What SuccessFactors CEO Lars Dalgaard may have forgotten however is that a SaaS vendor can easily check whether or not a customer is still using their system. Not to look up the actual data, you understand, which would be completely beyond the pale. But it's generally good practice to have systems that allow you to track your customer's activity on the system. If usage is dropping off, that's often a useful forewarning that a renewal might not be forthcoming.

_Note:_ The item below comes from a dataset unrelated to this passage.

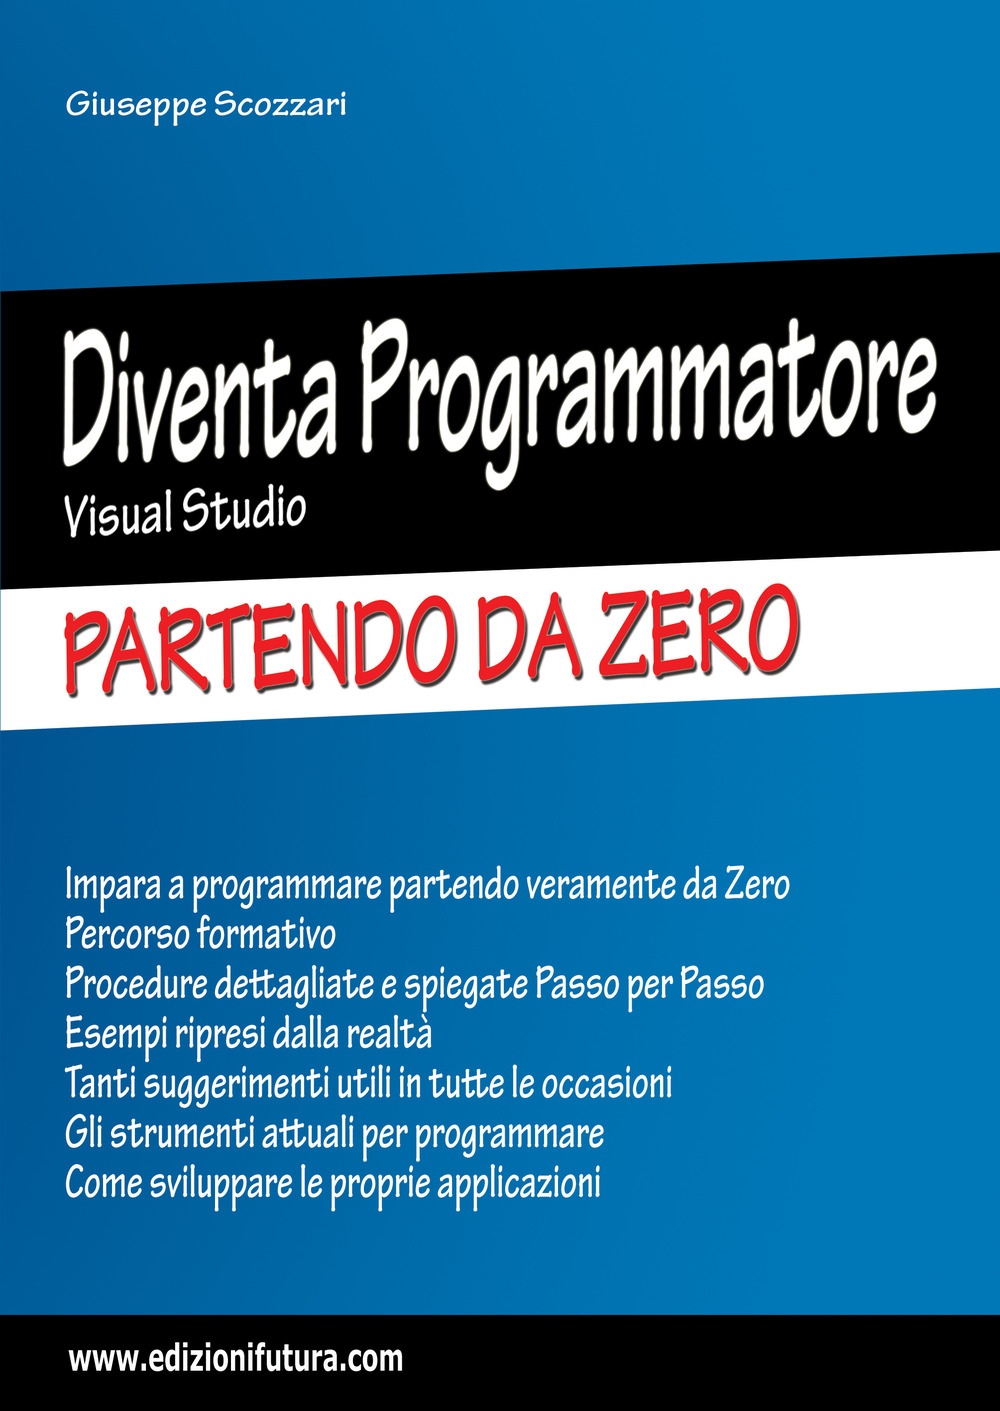 Libri Giuseppe Scozzari - Diventa Programmatore Visual Studio. Partendo Da Zero. Ediz. Ampliata NUOVO SIGILLATO, EDIZIONE DEL 16/02/2023 SUBITO DISPONIBILE

So it was that NetSuite's CEO Zach Nelson met with analysts today ready to cite figures from yesterday's usage reports. A total of 130 unique users had accessed the SuccessFactors NetSuite system he said, making 350 separate logins between them. COO Jim McGeever went further, adding that some of them had been in the invoicing module creating new invoices. It's clear that, although ByDesign may be up-and-running at SuccessFactors, there are still a lot of users actively operating the NetSuite system. Evidently the transition has not been the six-week stroll in the park implied in yesterday's press statement.

Unless, of course, SuccessFactors really has gone fully over to ByDesign while continuing to operate a phantom business on its NetSuite instance as a smokescreen to mislead its rival. Now that would be a really weird case of multi book accounting. But in this conference pantomime of claim and counter-claim, who can tell the real truth of the matter?

In other discussions, one analyst with experience of some of the world's least scrupulous economies pondered whether the NetSuite management console incorporated a 'kill switch' that could be flipped to destroy the books in the event of a tax raid. No there isn't, the company's spokesman responded with a bemused expression. If there were, I suspect Lars Dalgaard would have flipped his by now.